Among import items, mineral fuels and lubricants posted the highest growth as these surged by 96.2 percent in January compared to the same month in 2009.

Santos said the increase in imports of mineral fuels and lubricants was partially due to price effects as Dubai oil price went up by 73.4 percent from January last year to an average of $76.69 per barrel in January this year.

Consumer goods

Capital goods imports, Neda said, also increased by 51.5 percent year-on-year. Aircraft, ships and boats grew by 127.5 percent; land transport equipment by 69.9 percent, and telecommunication equipment and electrical machinery by 63.1 percent.

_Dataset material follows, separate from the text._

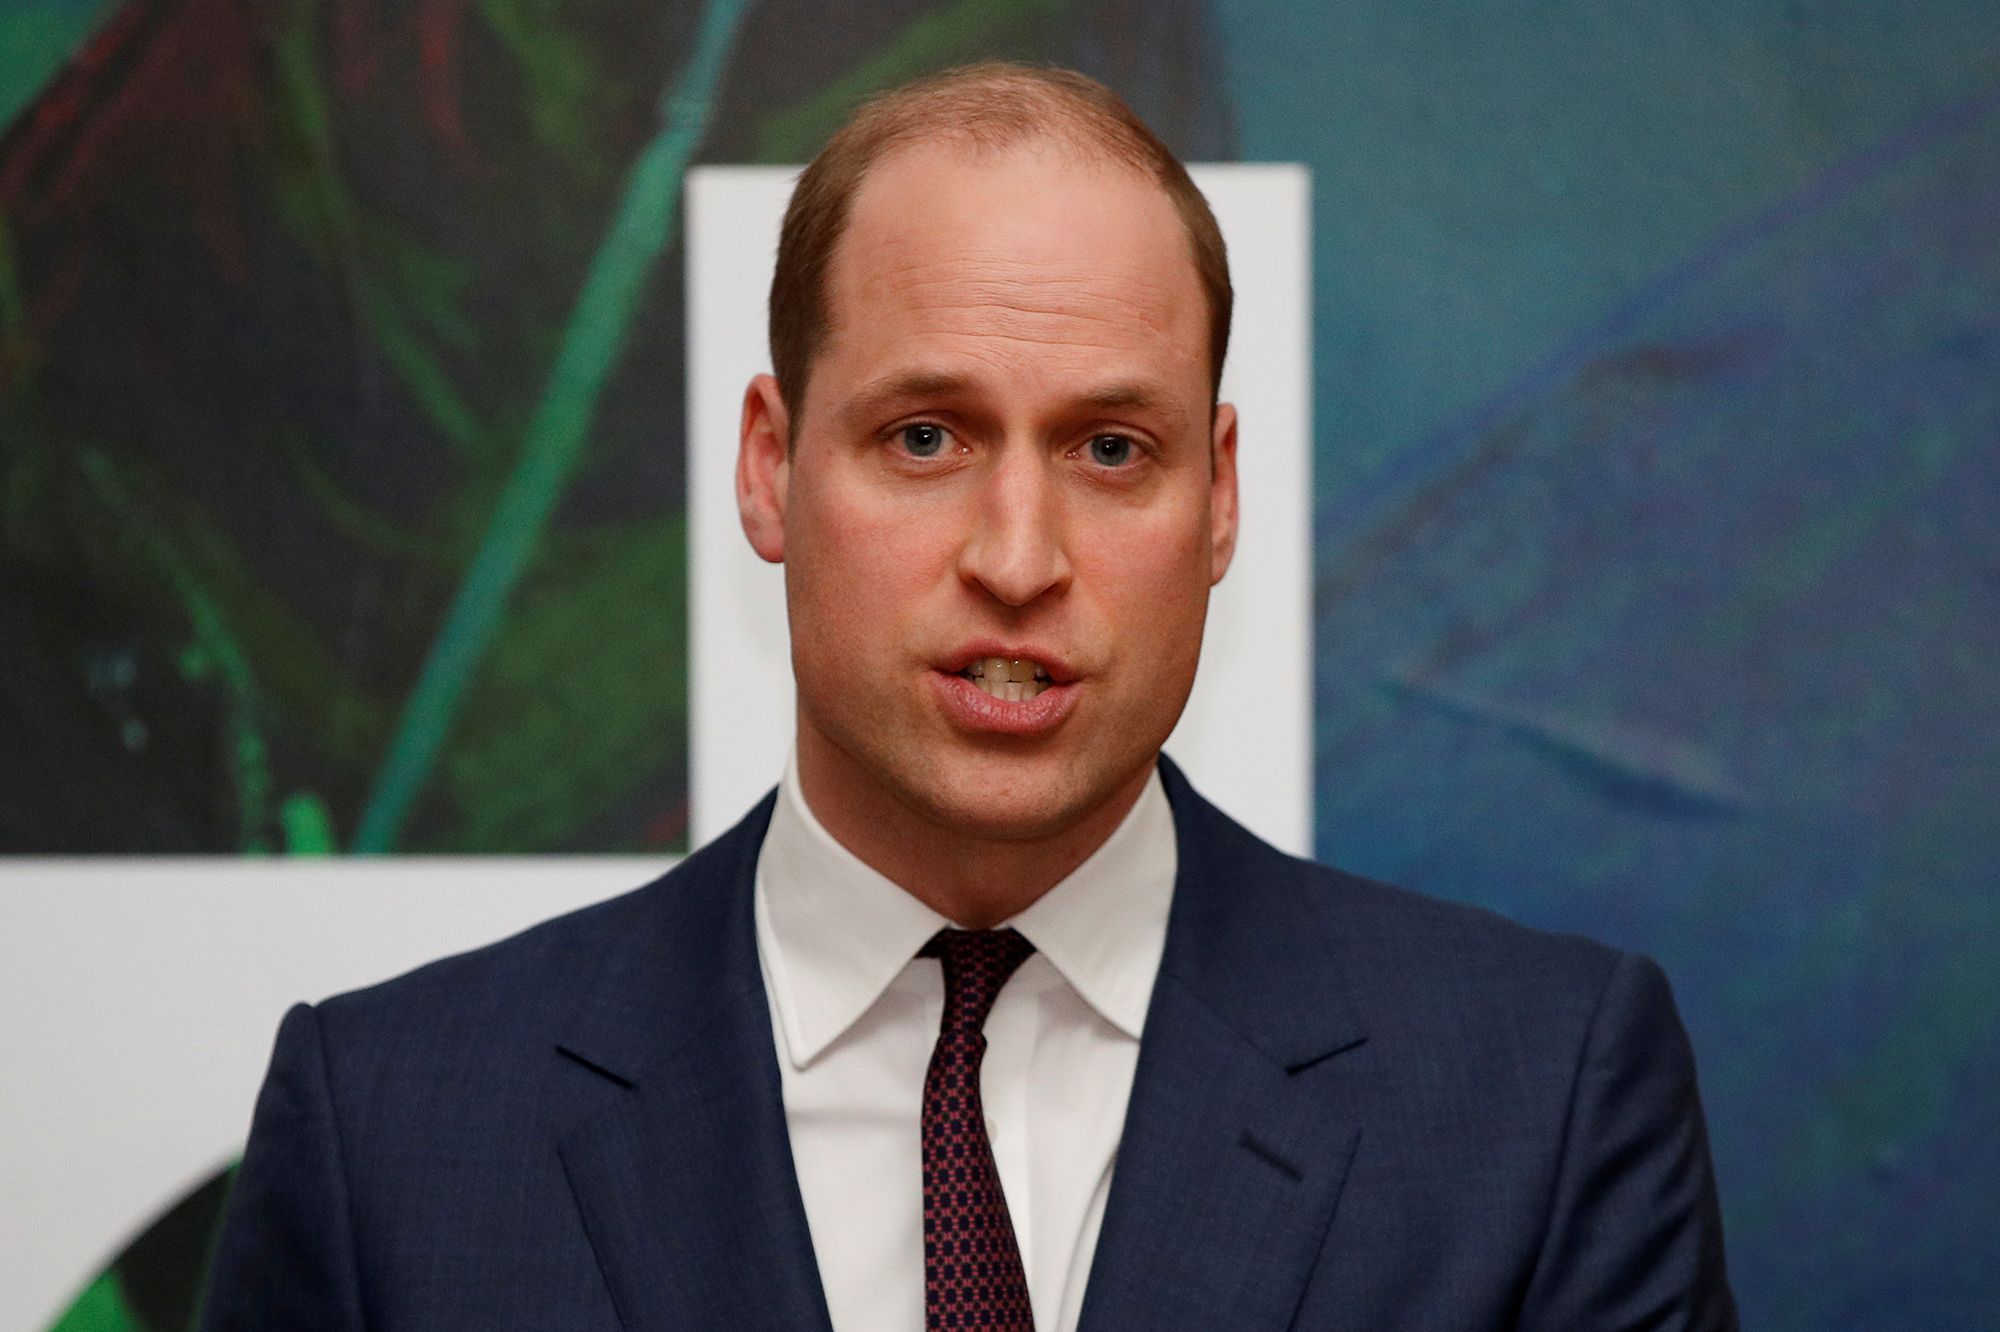 Le prince William s’engage : "Les abus racistes sont méprisables et doivent cesser maintenant"

Importation of consumer goods also increased by 70.6 percent. This was supported by both durable goods, which posted a 30.2 percent hike, and non-durable goods, which went up 109.2 percent.

Rice imports were among the non-durable goods that posted the highest growth, at 153,599.2 percent. This was due to importations by the National Food Authority (NFA) as a mitigating measure for the prolonged dry spell.

The top five import sources in January this year include the United States, which emerged as the biggest source of Philippine imports with a share of 13.4 percent since May last year. Following the US were Singapore at 12.7 percent, Japan at 11.5 percent, China at 8.6 percent and Taiwan at 7.3 percent.

Neda said telecommunication equipment and electrical machinery, raw materials for electronic manufactures and various mineral fuels and lubricants comprised 44.3 percent of the total payments to the top five import sources in January.

Neda said cargoes from the countries of the Association of Southeast Asian Nation (Asean) covered 30.8 percent of the total merchandise imports in January.

“The rise in Philippine imports mirrored development in East and Southeast Asia, as the countries in the region also posted significant double-digit growth rates, except for Japan with only 9.1 percent,” Santos said.

Neda said the Development Budget Coordinating Committee’s emerging estimate for imports growth this year is at 13 to 15 percent.